Okay, I’ve said a lot of positive things because I do think this is a classic piece of graphic fiction, but I do have a few questions/complaints. First up, and this one is really minor, they spelled Rob’s last name differently in its two appearances (Facincani/Facincanni). That bugged me and should have been fixed in the reprint process. I was also disappointed that the Pantheon collection has zero extras. No intro, no full covers, zilch. I could have definitely used some in-book insight after reading the book, but I guess I’ll just have to troll the internet. Finally, I’m not sure how a pair of scenes are supposed to fit together in the first few sections. There’s a scene with Keith and his buddies hanging out in the woods. Keith splits off and finds a girl’s skin in the brush. We found out in the next story that the skin came from Chris. But, Chris hasn’t been infected yet, which would seem to imply that this story is out of order compared to the rest of them.
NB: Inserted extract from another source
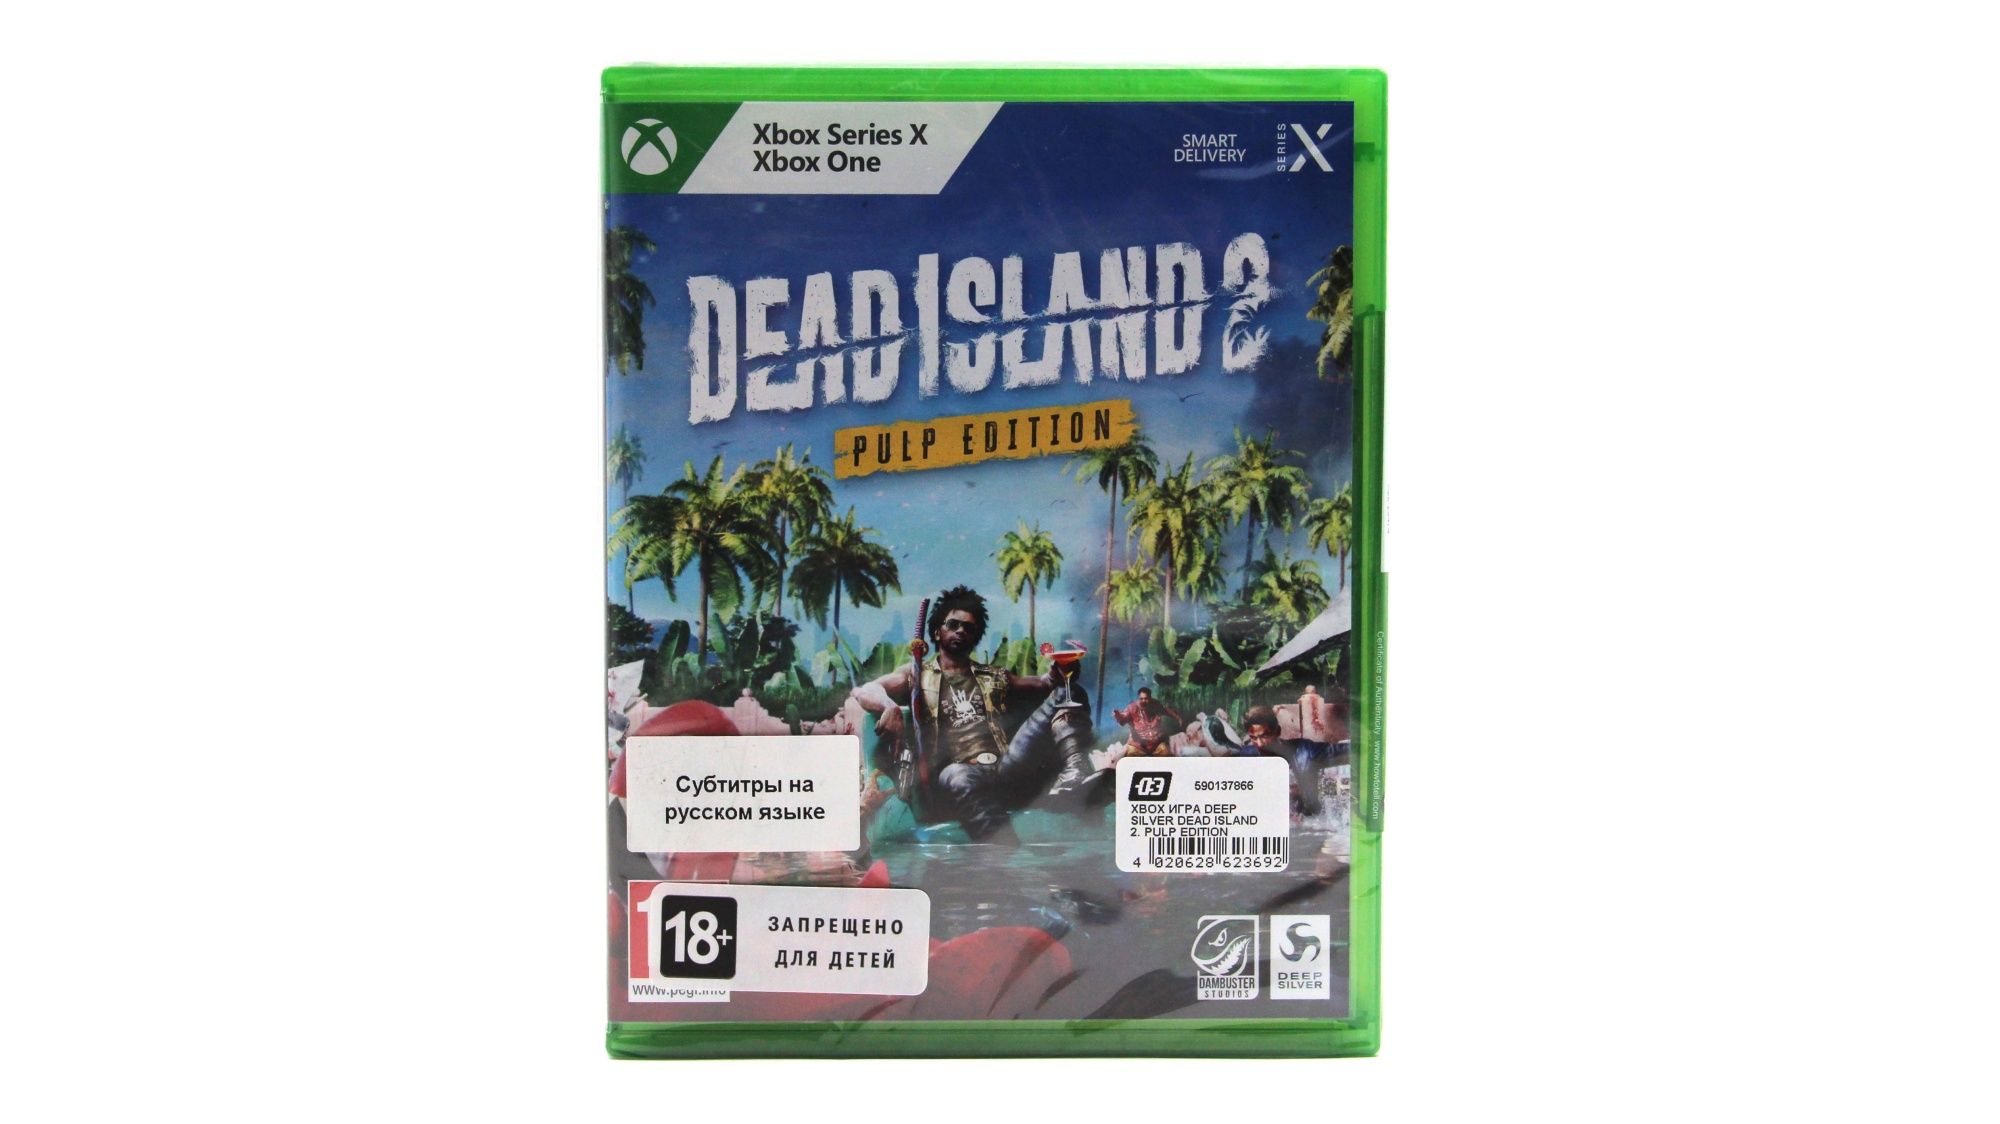 Pulp edition dead island. Dead Island 2 Pulp Edition что входит.

The rest of the segments seem to be told in somewhat chronological order except when denoted by the aforementioned wavy lines, but the one with Chris shedding her skin takes place seemingly too early in the story. I’m not sure what the deal with that is and maybe it’ll make sense on a later reading. And I will definitely be reading this book again. It made me actually feel something, which can’t be said about most comics and it seems like there’s a lot to unpack, making future readings even more interesting.